Is there a species that will utilize the entire enclosure? Can I mix a more arboreal species with one that's more terrestrial? Should I maintain a water bowl at the bottom? I have Bromeliads full of water at the top. Any suggestions would be gretly appreciated and thanlks for looking.


----------



## T2theG (Jul 6, 2013)

Welcome! 

I would have to say your best bet is to check out some of the beginner forums. There are plenty of threads that will answer many of your questions.

Here is a link:

Beginner Discussion - Dendroboard


----------



## frogface (Feb 20, 2010)

Welcome! 

Broms with water should suffice. Please don't mix animals in the tank. It's really not a good idea without loads of research and experience. 

I think a group of Leucs would use the whole tank. Or pumilio, Sirensis, imitators. I'm not sure it would be good for tincs unless you added a bit more wood to give them easier access to the higher parts. What kind of frog do you want?

btw, the tank looks great!


----------



## LongPig (Nov 7, 2013)

Thanks so much frogface. I'm not really particular on the type of frog I want, I just want it to be happy and to use the whole tank. I do have to say I like the "Varodero" morph of the imitator. How many do you think I could house?



frogface said:


> Welcome!
> 
> Broms with water should suffice. Please don't mix animals in the tank. It's really not a good idea without loads of research and experience.
> 
> ...


----------



## srrrio (May 12, 2007)

Pretty tank! Imitators would be good in there, but I would vote leucomelas, as they just are just so busy and visible and would be so much fun to watch in a big tank like that. 
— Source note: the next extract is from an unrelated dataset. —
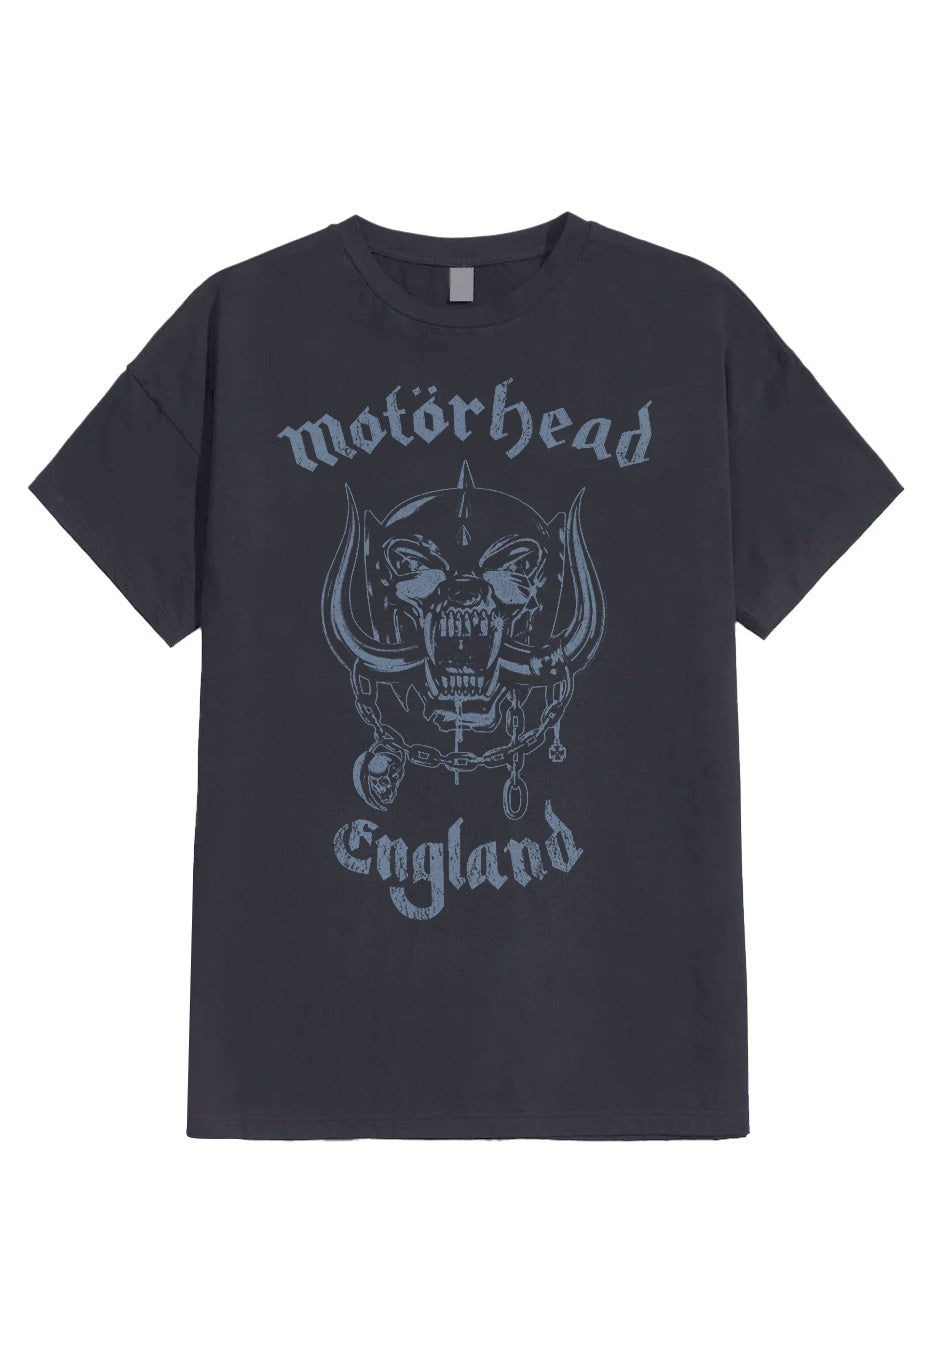 Motörhead - England Charcoal - T-Shirt

A suggestion - put together a smaller tank or tanks to quarantine whatever frogs you get , before you put them into your display tank. That way if something goes wrong with your new frogs, at least you won't need to tear down your hard work.


----------



## mongo77 (Apr 28, 2008)

Any of the frogs available will use the whole tank. Three feet high is nothing compared to where the frogs are found in the wild. My teribilis climb to the top of my tank all the time. Pick what will keep your interest the longest. After a couple years of keeping frogs, I started picking species that I can hear calling outside of the tank. I love my tincs but I also love to hear my teribilis calling when I'm not even in the room!


----------



## LongPig (Nov 7, 2013)

srrrio said:


> Pretty tank! Imitators would be good in there, but I would vote leucomelas, as they just are just so busy and visible and would be so much fun to watch in a big tank like that.
> 
> A suggestion - put together a smaller tank or tanks to quarantine whatever frogs you get , before you put them into your display tank. That way if something goes wrong with your new frogs, at least you won't need to tear down your hard work.
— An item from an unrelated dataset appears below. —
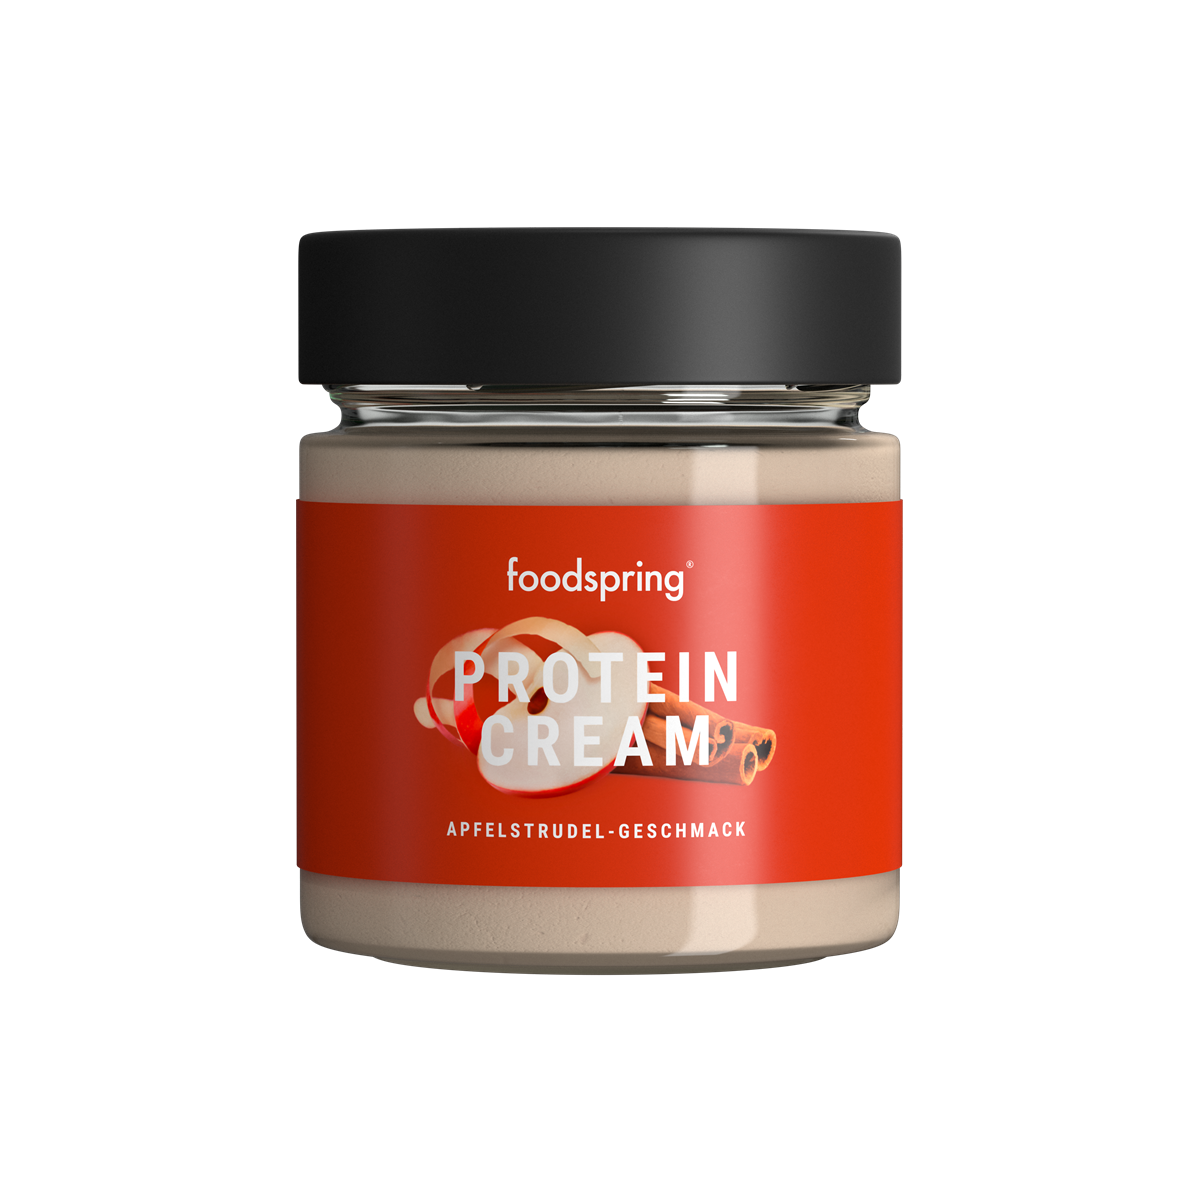 foodspring_Protein Cream_Apfelstrudel_EUR 4,99

Thanks so much! I actually already set up a small Exo Terra just for quarantine. I'm used to quarantine set-ups from having reef tanks



mongo77 said:


> Any of the frogs available will use the whole tank. Three feet high is nothing compared to where the frogs are found in the wild. My teribilis climb to the top of my tank all the time. Pick what will keep your interest the longest. After a couple years of keeping frogs, I started picking species that I can hear calling outside of the tank. I love my tincs but I also love to hear my teribilis calling when I'm not even in the room!
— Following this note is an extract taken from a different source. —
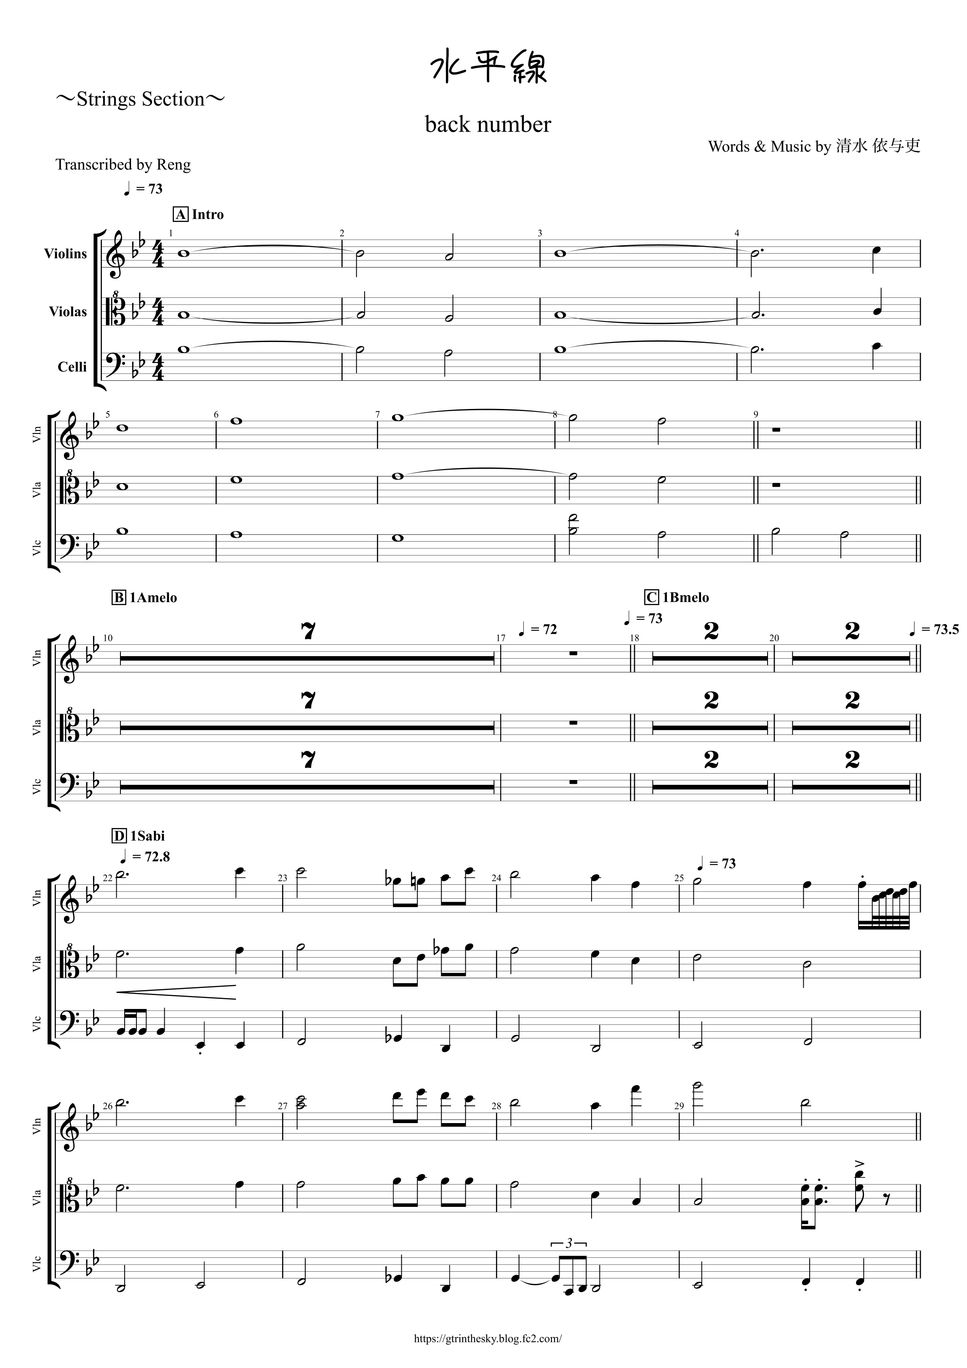 back number - 水平線 (Stringsセクション/Vln/Vla/Vlc/Cb/弦楽器) by Score by Reng

I never thought of it that way. That opens my options up quite a bit. Terriblis have been catching my eye.


----------



## frogfreak (Mar 4, 2009)

Welcome,

Nice tank! Leucs were ny first frogs and always recommend them. I've had a group of Bicolors for a couple of years now and they're great frogs too. I'm very surprised at how much they climb. Both are great options and both have a nice call.

Edit: Might as well toss up a pic


----------



## LongPig (Nov 7, 2013)

frogfreak said:


> Welcome,
> 
> Nice tank! Leucs were ny first frogs and always recommend them. I've had a group of Bicolors for a couple of years now and they're great frogs too. I'm very surprised at how much they climb. Both are great options and both have a nice call.
> 
> Edit: Might as well toss up a pic


What a great looking frog! I actually jut tore my viv apart to redo some aspects. I'll put up new pics after I'm done.


----------



## LongPig (Nov 7, 2013)

Okay this is my new scape so far. Have some mosses coming to fill in the gaps. It's new so I don't like it yet but it opened the enclosure up more for the frogs to move. I also added some more broad leaf plants so they can hang out on them.


----------



## frogface (Feb 20, 2010)

I like it! The only change I would make is to spread leaf litter across the entire bottom of the tank.


----------



## LongPig (Nov 7, 2013)

frogface said:


> I like it! The only change I would make is to spread leaf litter across the entire bottom of the tank.


I have a bunch of leaf litter piled up on the back right. I didn't spread it out yet because the moss is coming tomorrow and I wanted to see how much room it will take up since I over-bought as usual.


----------



## frogface (Feb 20, 2010)

Be sure to post a pic


----------



## Judy S (Aug 29, 2010)

nice tank...but you may have to keep an eye on growth rate for that Croton in the middle of the tank...they can grow to be a shrub...but you can always remove it and have it as an indoor plant. They can grow pretty fast too....


----------



## epiphytes etc. (Nov 22, 2010)

Crotons are a shrub in the Euphorbiaceae that produce a very poisonous sap, known to be a skin irritant.


----------



## kitcolebay (Apr 7, 2012)

Welcome! 

-Chris


----------



## LongPig (Nov 7, 2013)

Judy S said:


> nice tank...but you may have to keep an eye on growth rate for that Croton in the middle of the tank...they can grow to be a shrub...but you can always remove it and have it as an indoor plant. They can grow pretty fast too....





epiphytes etc. said:


> Crotons are a shrub in the Euphorbiaceae that produce a very poisonous sap, known to be a skin irritant.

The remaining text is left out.